● **What is required**
Write every line below out again exactly, images omitted.

● **Exercise data**
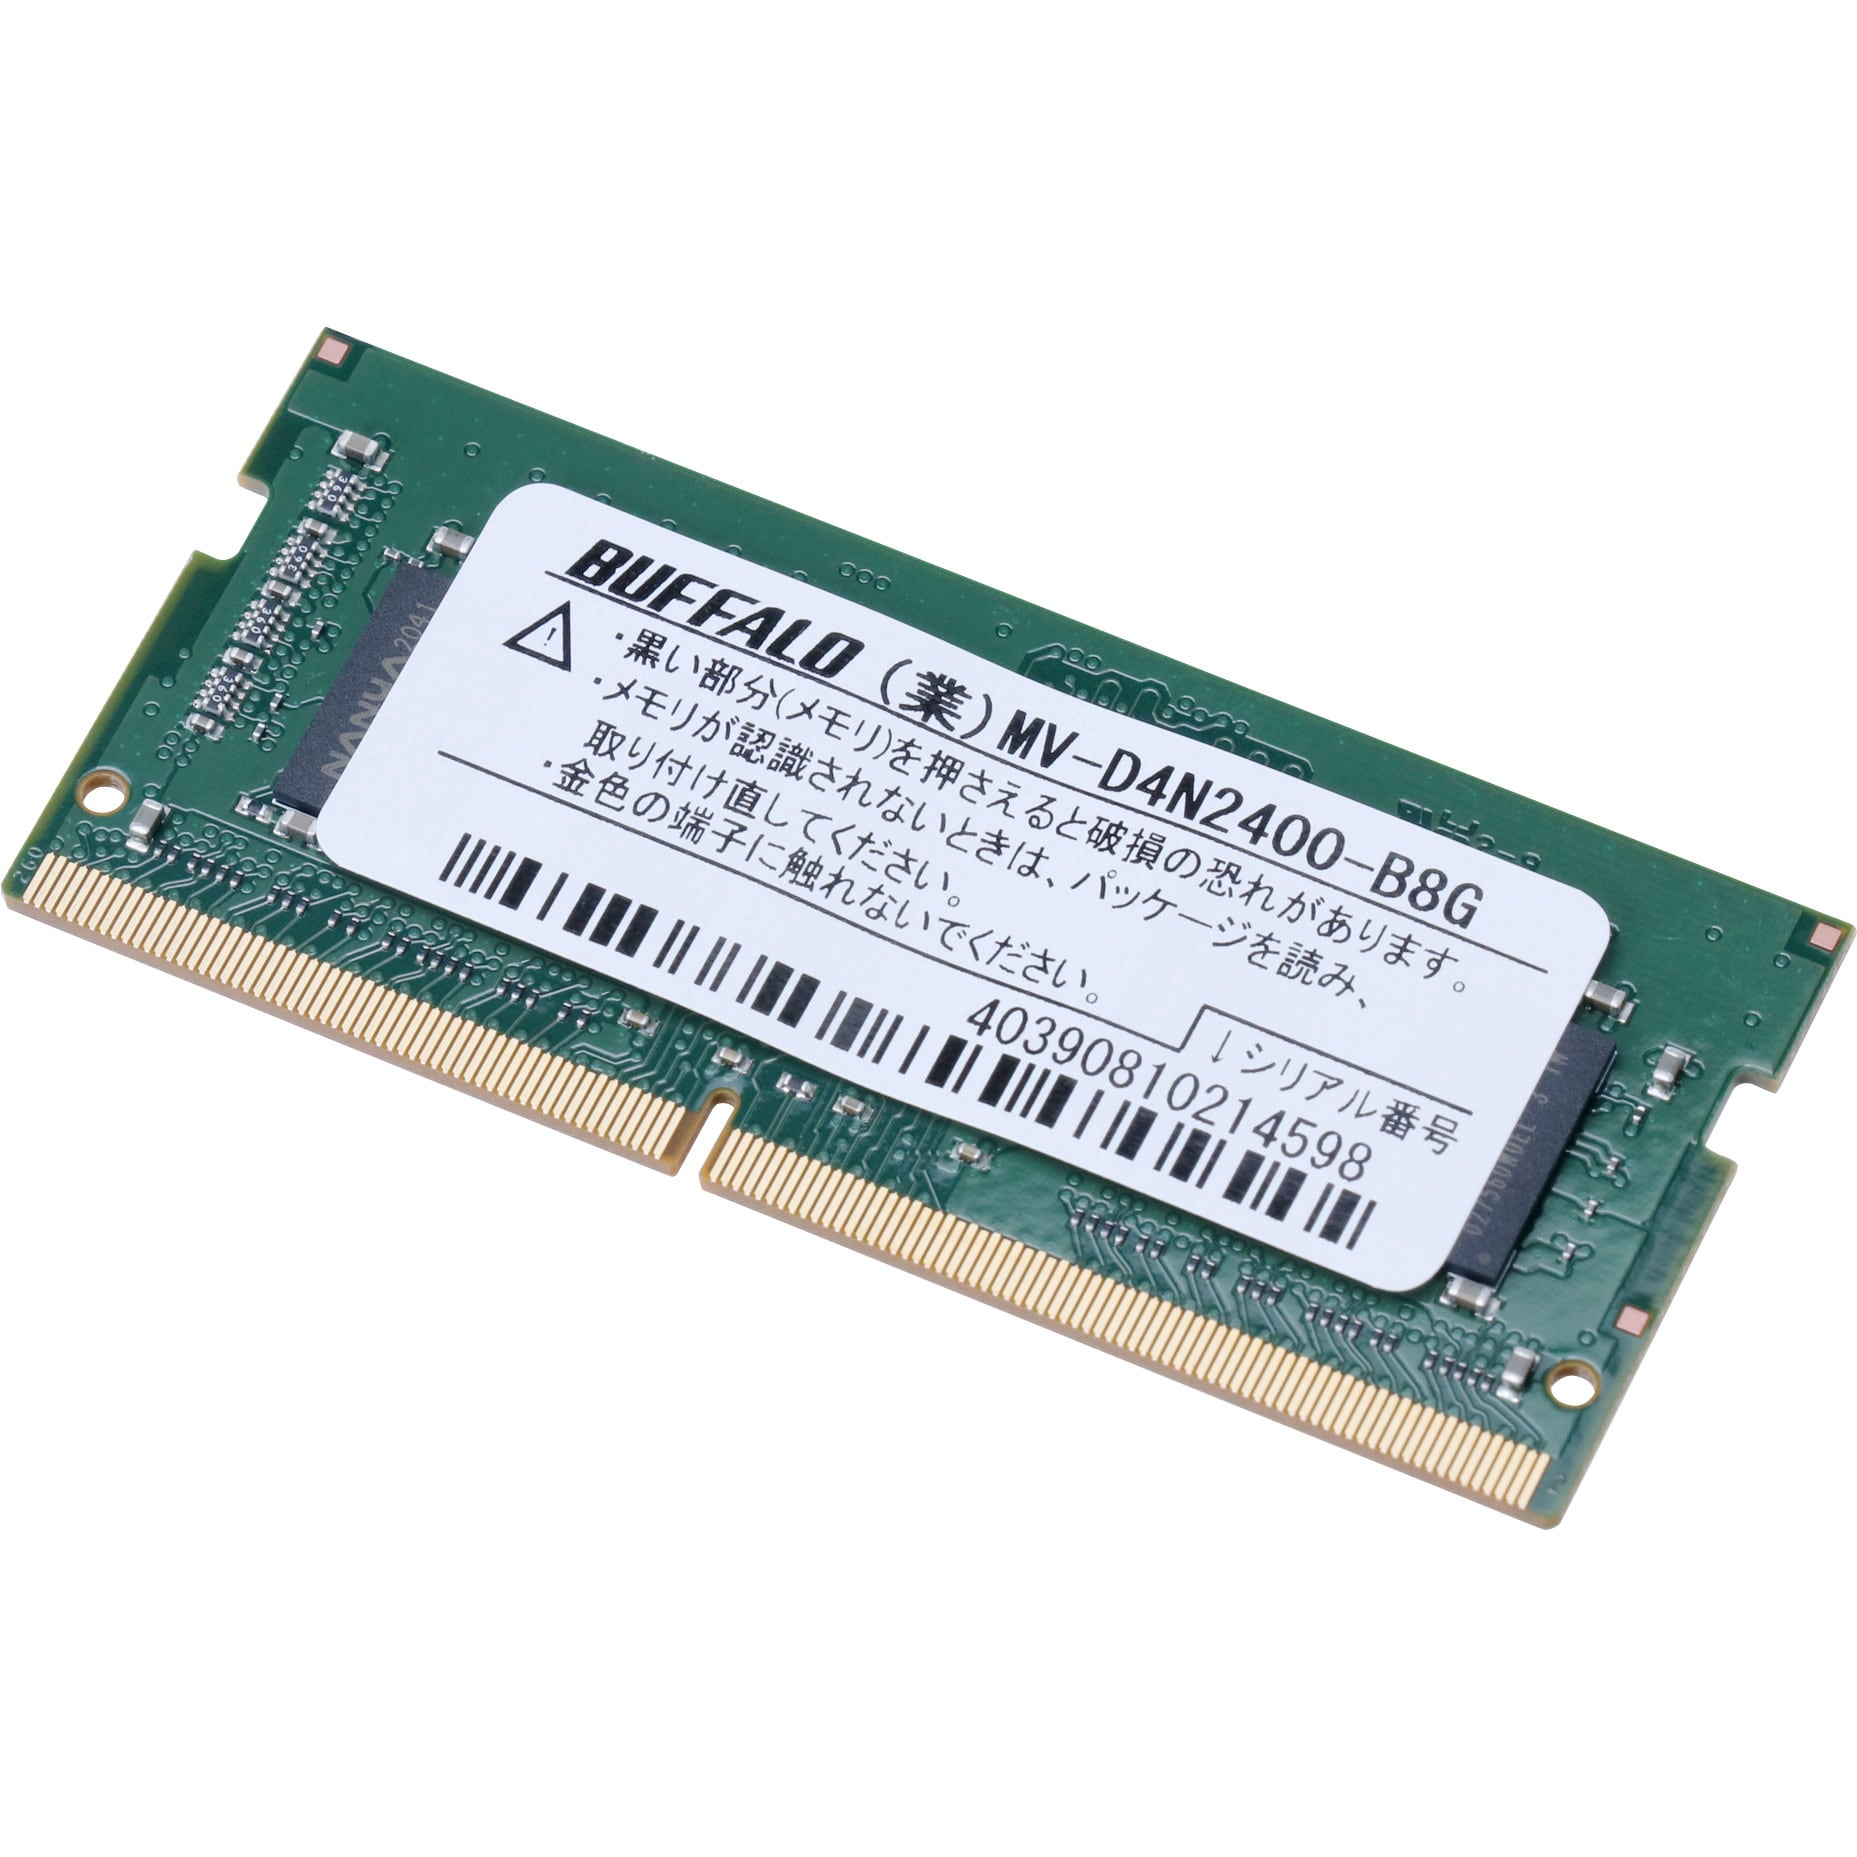 PCパーツ BUFFALO PC4-2400対応 260ピン DDR4 SDRAM SO-DIMM D4N2400-B8G-
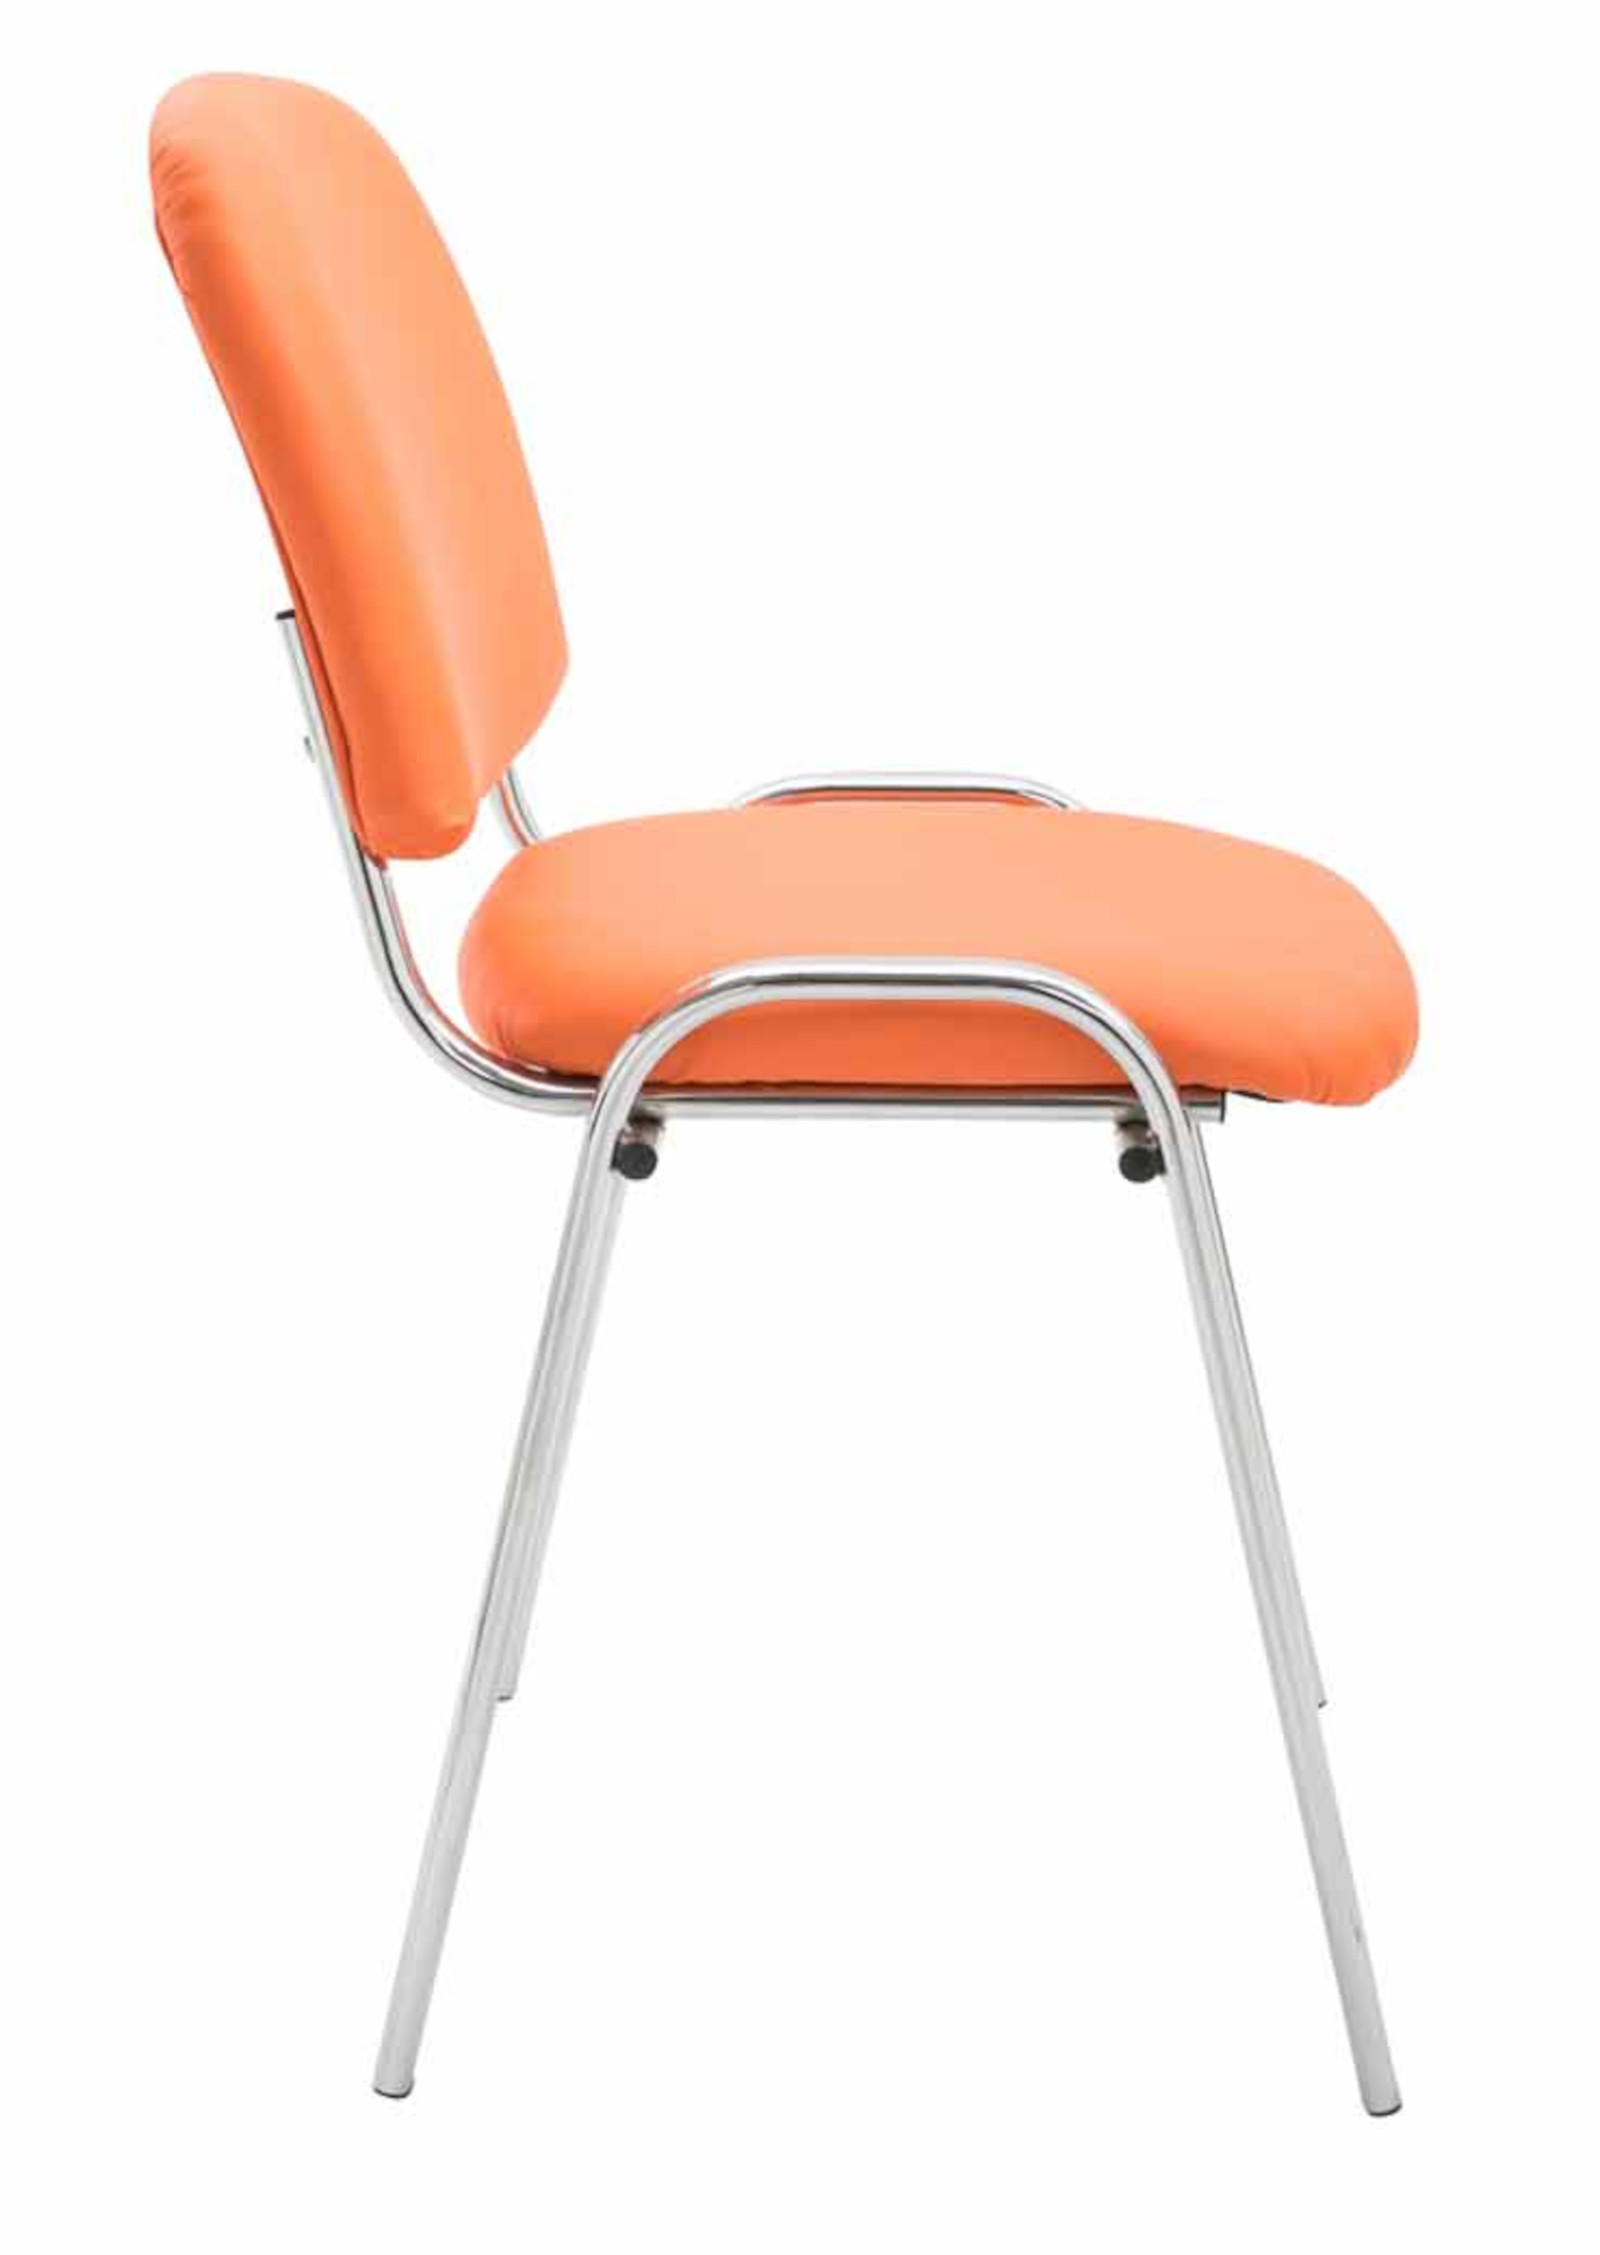 4er Set Stühle Ken Chrom Kunstleder orange
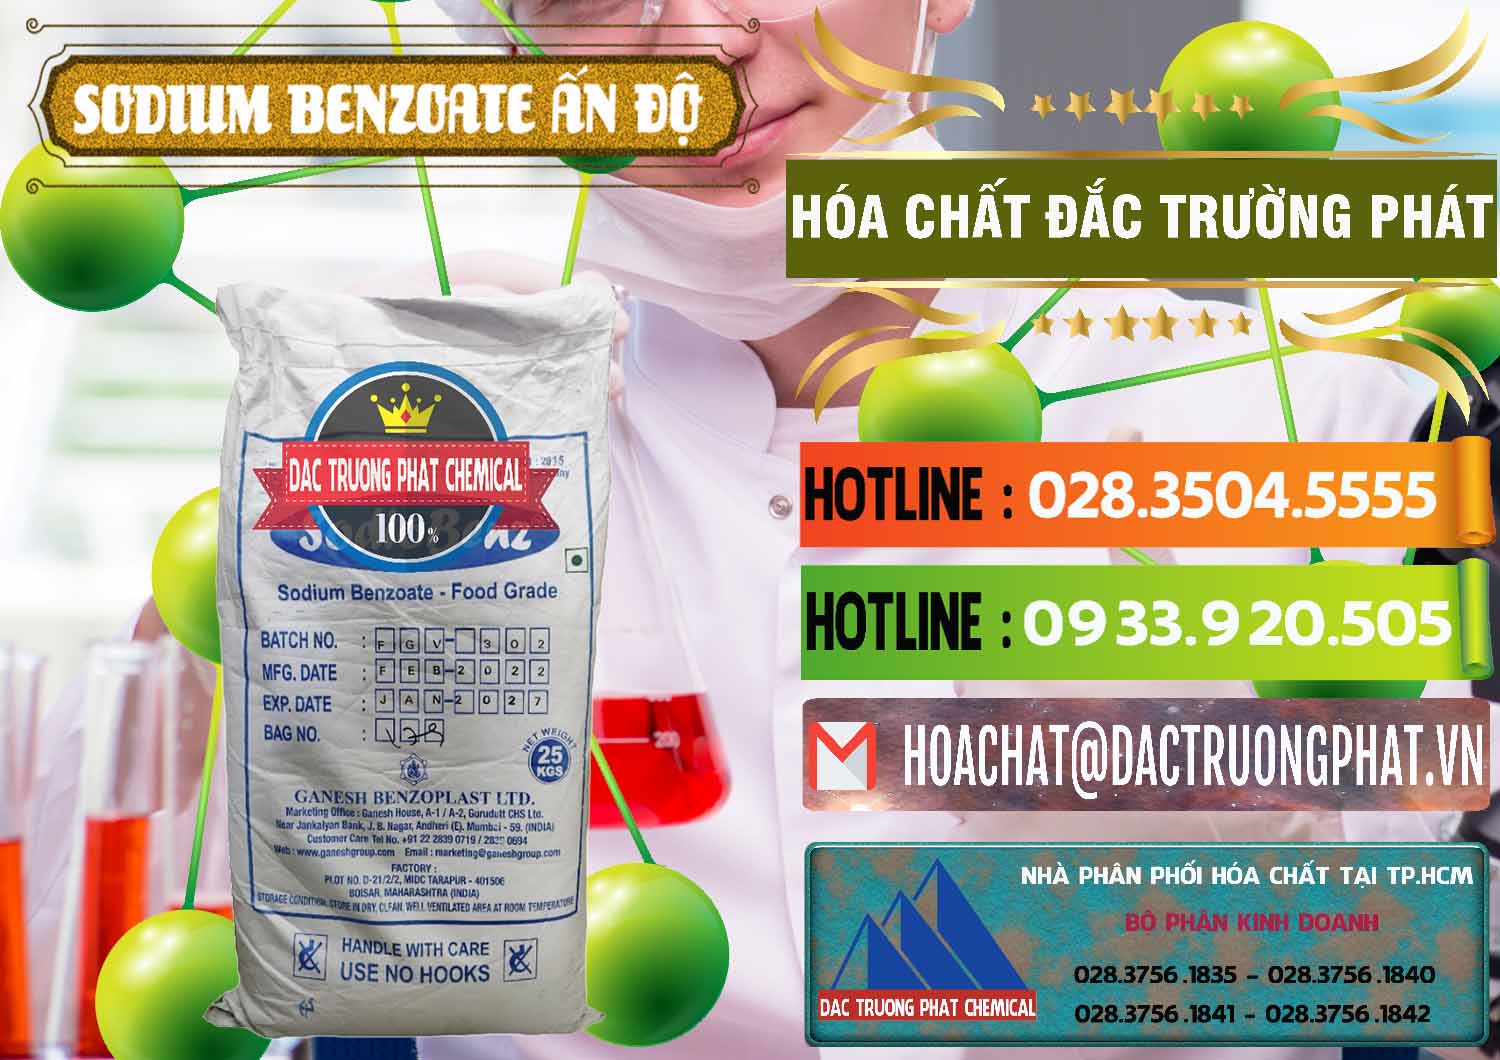 Kinh doanh và bán Sodium Benzoate - Mốc Bột Ấn Độ India - 0361 - Đơn vị chuyên kinh doanh và phân phối hóa chất tại TP.HCM - cungcaphoachat.com.vn

● **Result of the task**
 PCパーツ BUFFALO PC4-2400対応 260ピン DDR4 SDRAM SO-DIMM D4N2400-B8G-
 4er Set Stühle Ken Chrom Kunstleder orange
 Kinh doanh và bán Sodium Benzoate - Mốc Bột Ấn Độ India - 0361 - Đơn vị chuyên kinh doanh và phân phối hóa chất tại TP.HCM - cungcaphoachat.com.vn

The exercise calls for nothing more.